For data processed with the abcd-hcp-pipeline, the final outputs will always be in the MNINonLinear/fsaverage_LR32k folder, i.e. atlas transformed outputs.
Below is an example of what wb_view should look like. The order of the networks seen below are Default Mode, Motor and Visual. The overlays for each all look fairly accurate, as the yellow activation areas correspond to the network region where the voxel was selected. Important to note that one will need to select multiple voxels within a network region in order to identify whether the BOLD activation truly overlays properly with the networks.

Example of wb_view

NiBabies and fMRIPrep

For a comprehensive document on troubleshooting nibabies and fmriprep errors, see here.

XCP-D

For common troubleshooting processes and a deeper dive into the utilization of XCP-D, see here.

S3 Wrappers

If there are run files:

Errors are common when running preliminary tests on s3 wrappers.
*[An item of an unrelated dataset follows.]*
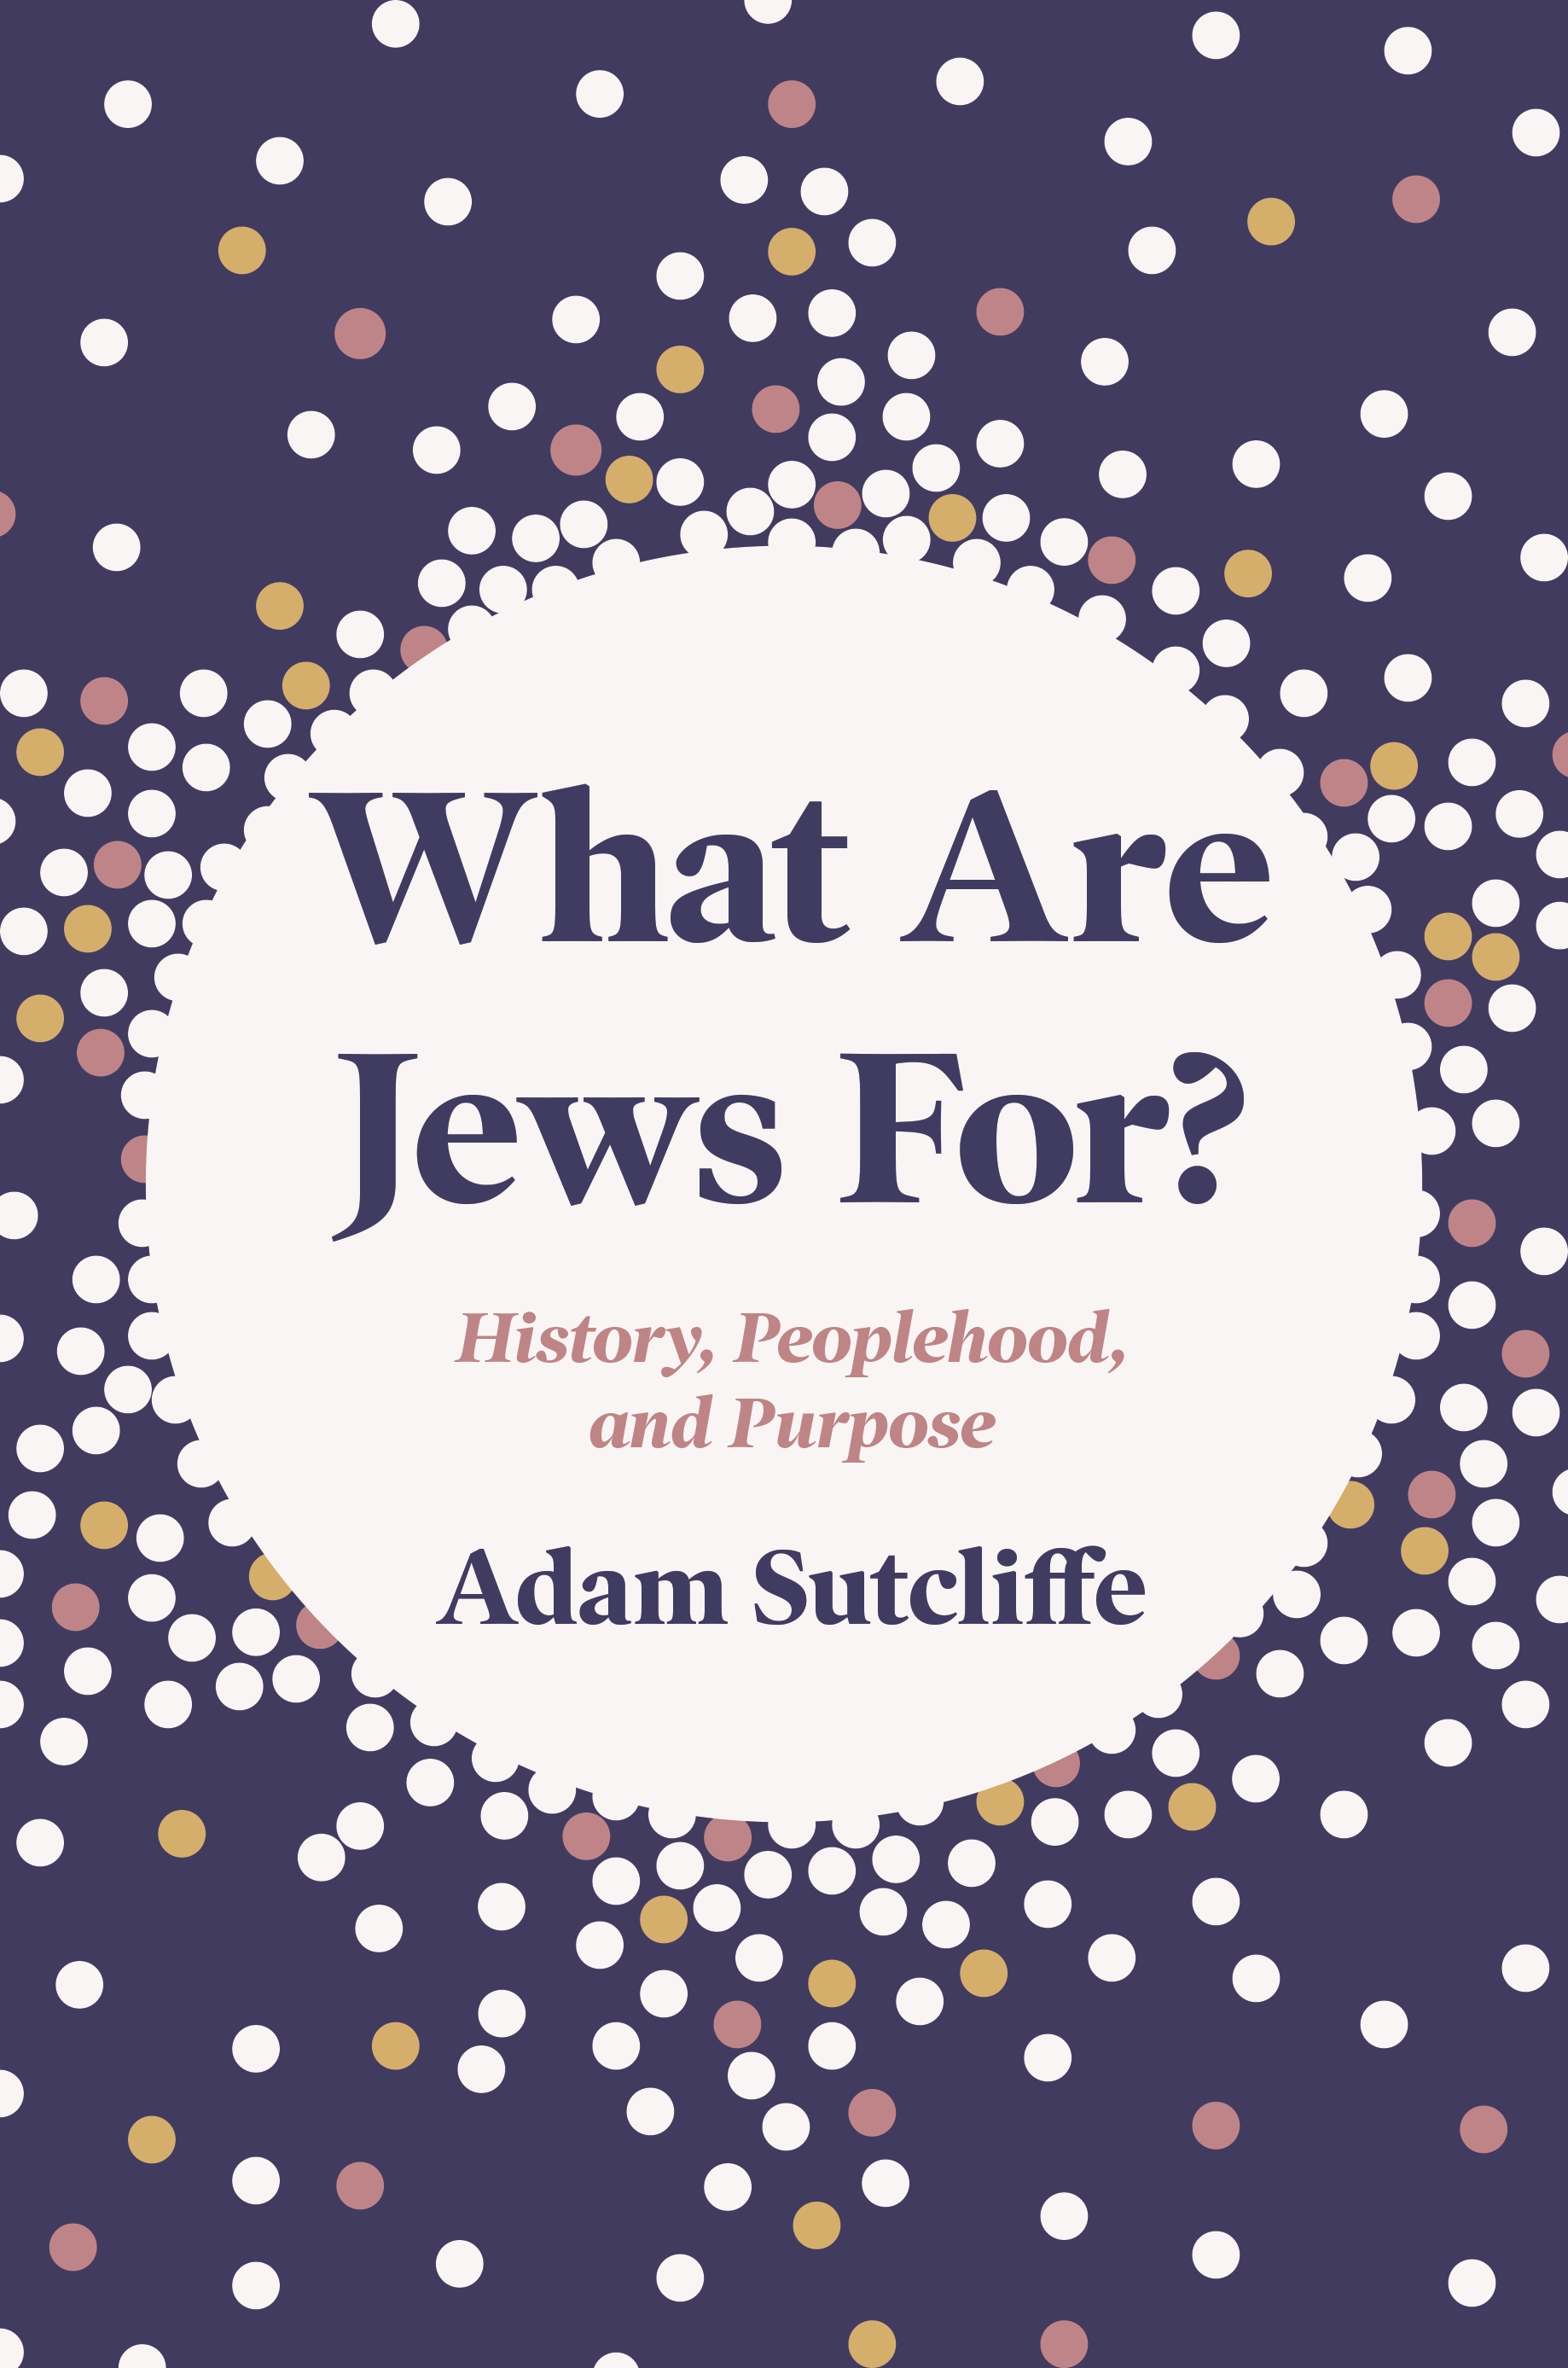 What Are Jews For? Princeton University Press

In order to troubleshoot these errors, the first step is to grab an interactive session. Next, run the content of one run file by copying and pasting the contents into the terminal step-by-step in order to see the outputs of each command in real time, which will uncover the step in which the error is occurring. Once the error is reproduced, incorporate the fix, then rerun make_run_files.sh and a test subject for the submitter script. Note: it is helpful to check the tmp/ directory and the s3 bucket to validate file and directory paths in the template/run files themselves.

If there are not run files:

The issue should be regarding the paths to the files in make_run_files.sh. With make_run_files.sh opened, copy and paste the contents of the file into the terminal in order to see if the conditional statements match the necessary paths of the files that need to be included.